Breastfeeding: with regard to iodinated contrast and radionuclides
• Regarding the use of iodinated contrast medium while breastfeeding: even though a small amount of contrast medium passes into the breast milk, it is considered safe to continue breastfeeding. Benefits and risks should be discussed with the HCP before the patient makes an informed decision to continue or temporarily suspend breastfeeding. Policies may vary among facilities. For those who remain concerned about potential fetal harm, guidelines may recommend suspending breastfeeding from the time of contrast administration through a period of 12 to 24 hr during which the infant may be bottle fed with milk expressed prior to the procedure.
• Regarding the use of gallium-67 while breastfeeding: the patient should be advised prior to scheduling the procedure that complete cessation of breastfeeding is recommended after administration of Ga-67. Explain to the patient who is breastfeeding that due to the large amount of radionuclide that passes into breast milk, complete cessation of breastfeeding is recommended after administration of Ga-67. Discuss alternative strategies for feeding the infant.
• Explain to the patient who is breastfeeding that even though a small amount of the Tc-99m radionuclide passes into the breast milk, it is considered safe to continue breastfeeding. Policies may vary among facilities. Benefits and risks should be discussed with the HCP before the patient makes an informed decision to continue or temporarily suspend breastfeeding.

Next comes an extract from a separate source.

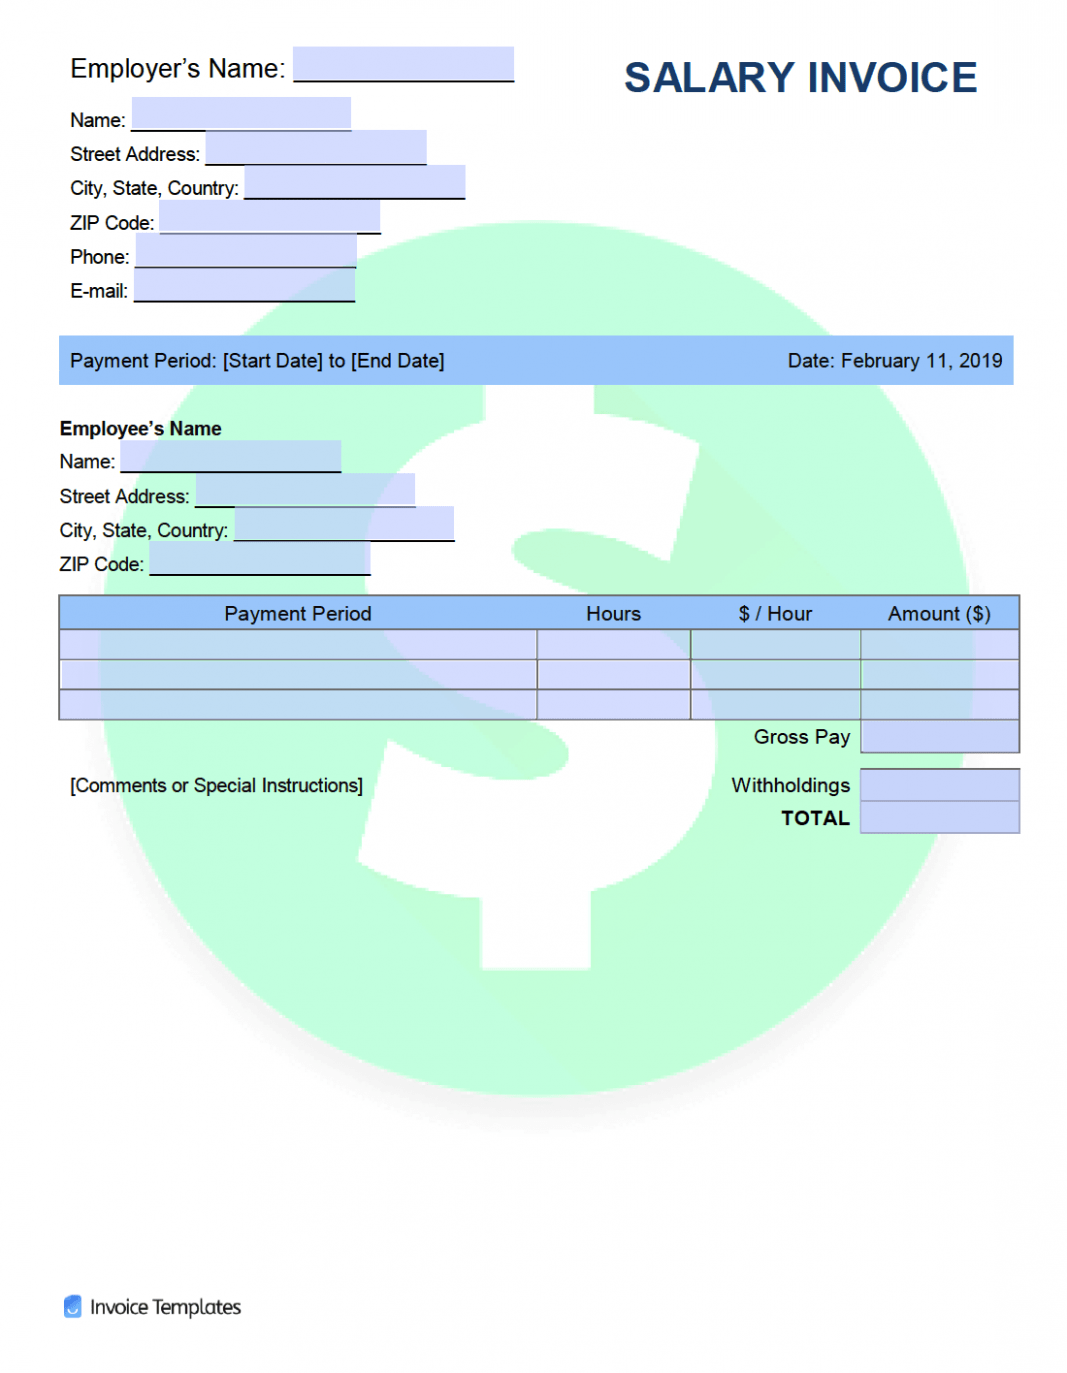 Sample Wage Invoice Template Excel

If the patient remains concerned about potential fetal harm, facility guidelines may recommend suspending breastfeeding for a dose/tracer dependent period of time (e.g., 1 to 4 hr) during which the infant may be bottle fed with milk expressed prior to the procedure.

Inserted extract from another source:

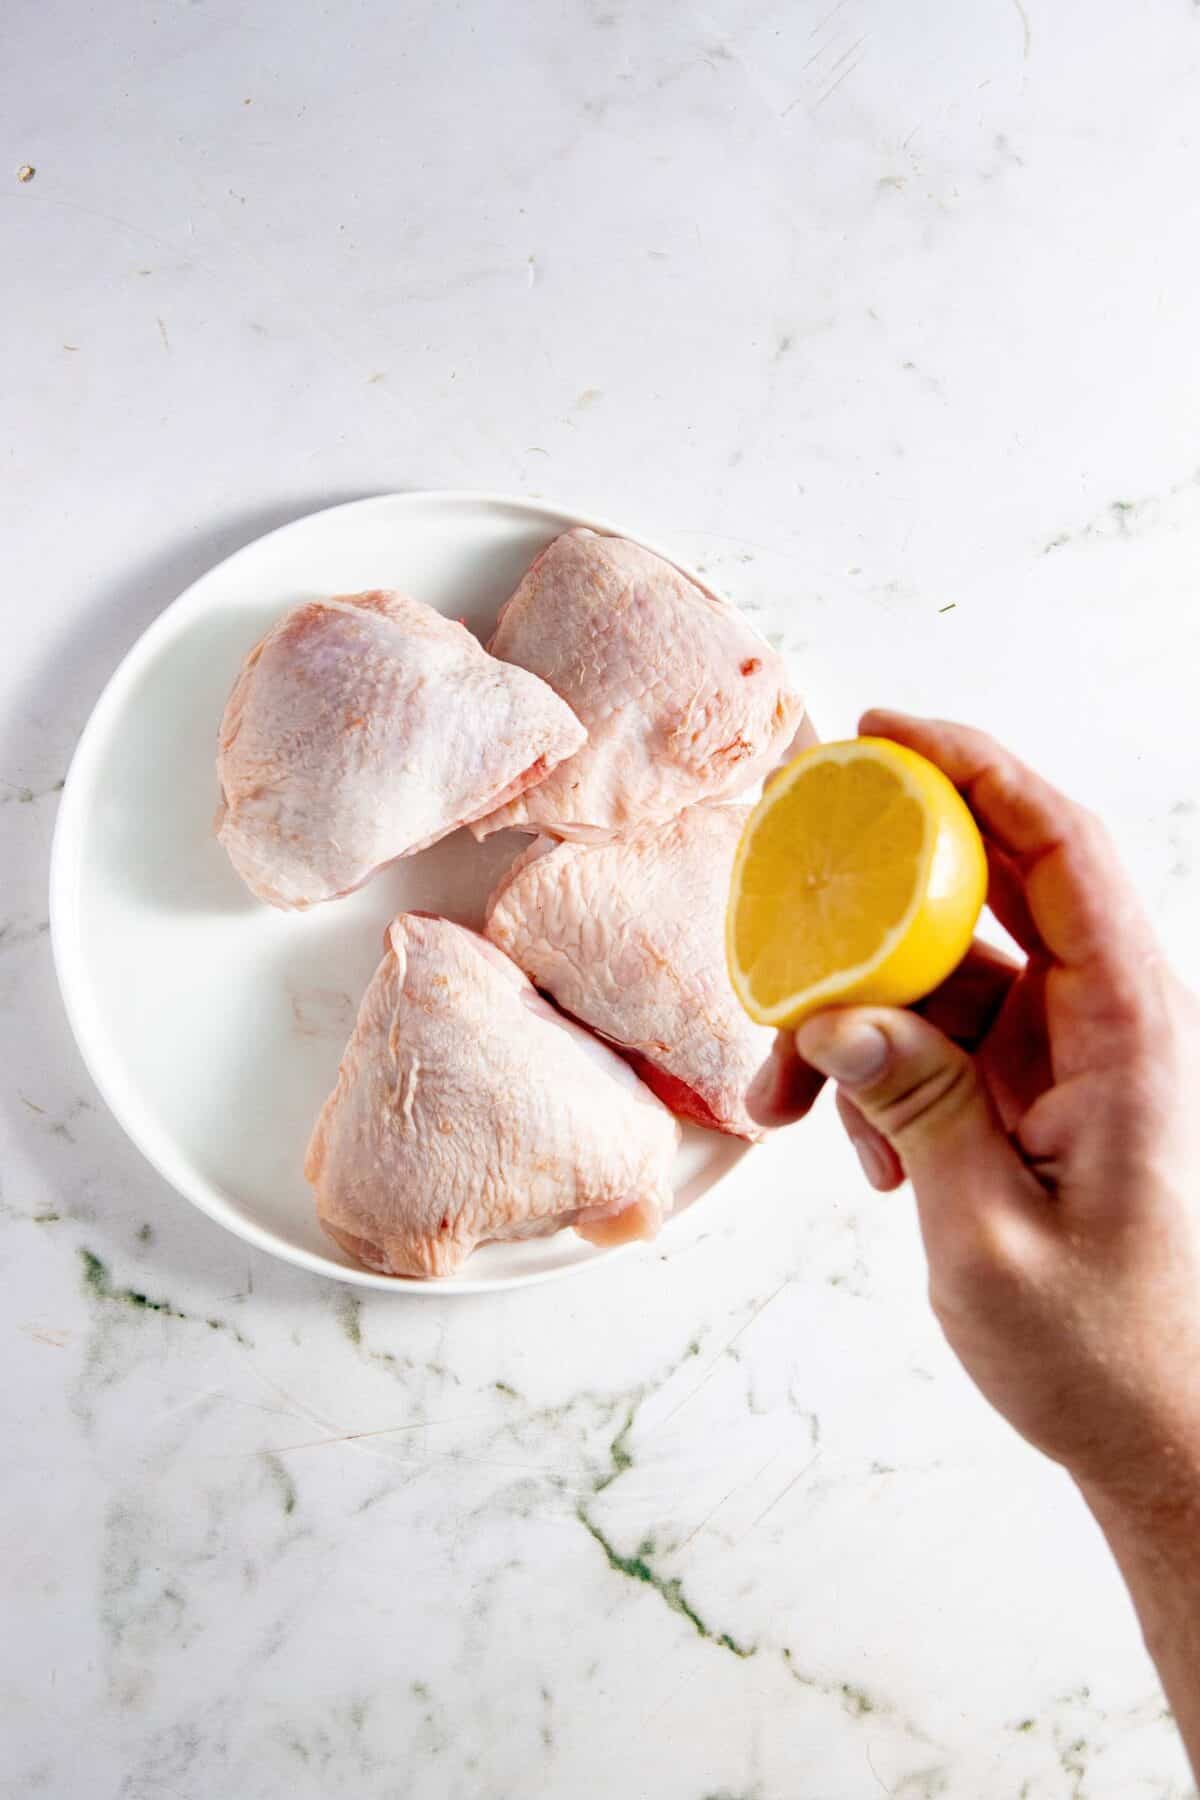 Hand squeezing lemon over chicken thighs.

General Use of Contrast Medium
• Patients with conditions associated with adverse reactions to contrast medium (e.g., asthma, food allergies, or allergy to contrast medium). Although patients are asked specifically if they have a known allergy to iodine or shellfish (shellfish contain high levels of iodine), it has been well established that the reaction is not to iodine; an actual iodine allergy would be problematic because iodine is required for the production of thyroid hormones. In the case of shellfish, the reaction is to a muscle protein called tropomyosin; in the case of iodinated contrast medium, the reaction is to the noniodinated part of the contrast molecule.

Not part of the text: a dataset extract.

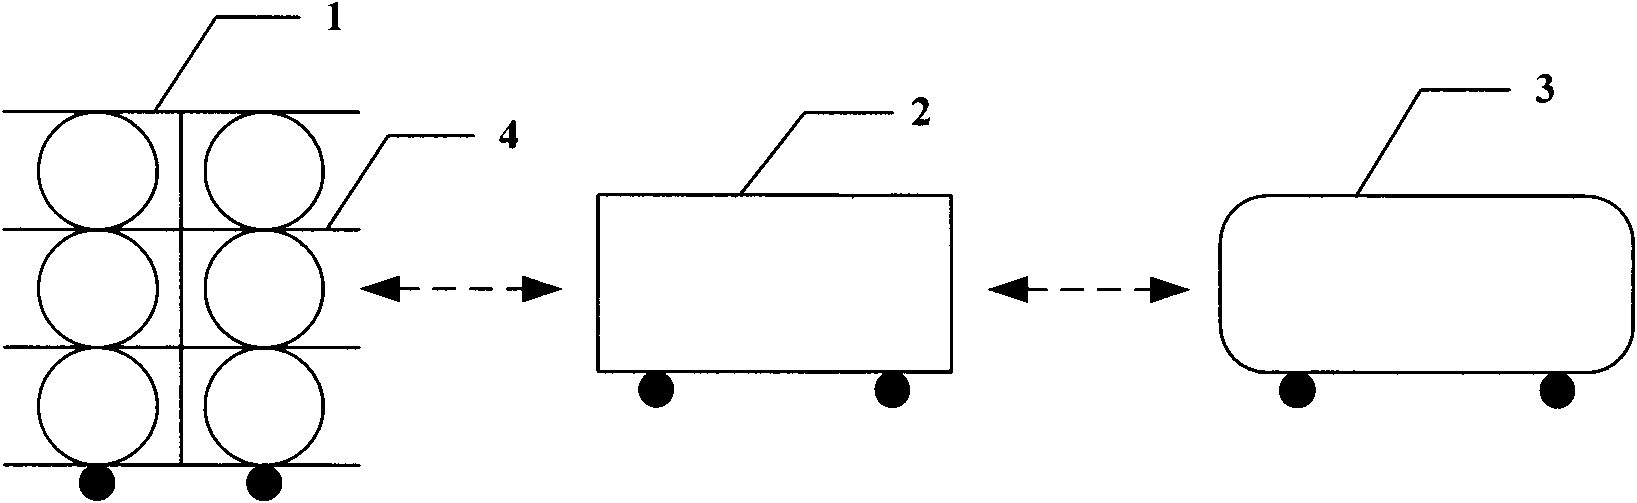 Fuel consumption assessment device for fuel cell vehicle

• Patients with a known hypersensitivity to the contrast medium may benefit from premedication with corticosteroids and diphenhydramine; the use of nonionic contrast or an alternative noncontrast imaging study, if available, may be considered for patients who have severe asthma or who have experienced moderate to severe reactions to ionic contrast medium.

Complications:

• Establishing an IV site is an invasive procedure that can cause rare complications such as bleeding from the puncture site (related to a bleeding disorder or the effects of natural products and medications with known anticoagulant, antiplatelet, or thrombolytic properties), nerve injury (which might occur if the needle strikes a nerve), hematoma (related to blood leakage into the tissue following needle insertion), or infection (which might occur if bacteria from the skin surface is introduced at the puncture site).
• The use of contrast may introduce additional nursing implications related to nephrotoxicity (a deterioration of renal function associated with contrast administration), risk for allergic reaction (related to contrast reaction), or tissue damage (related to extravasation or leaking of contrast into the tissues during injection).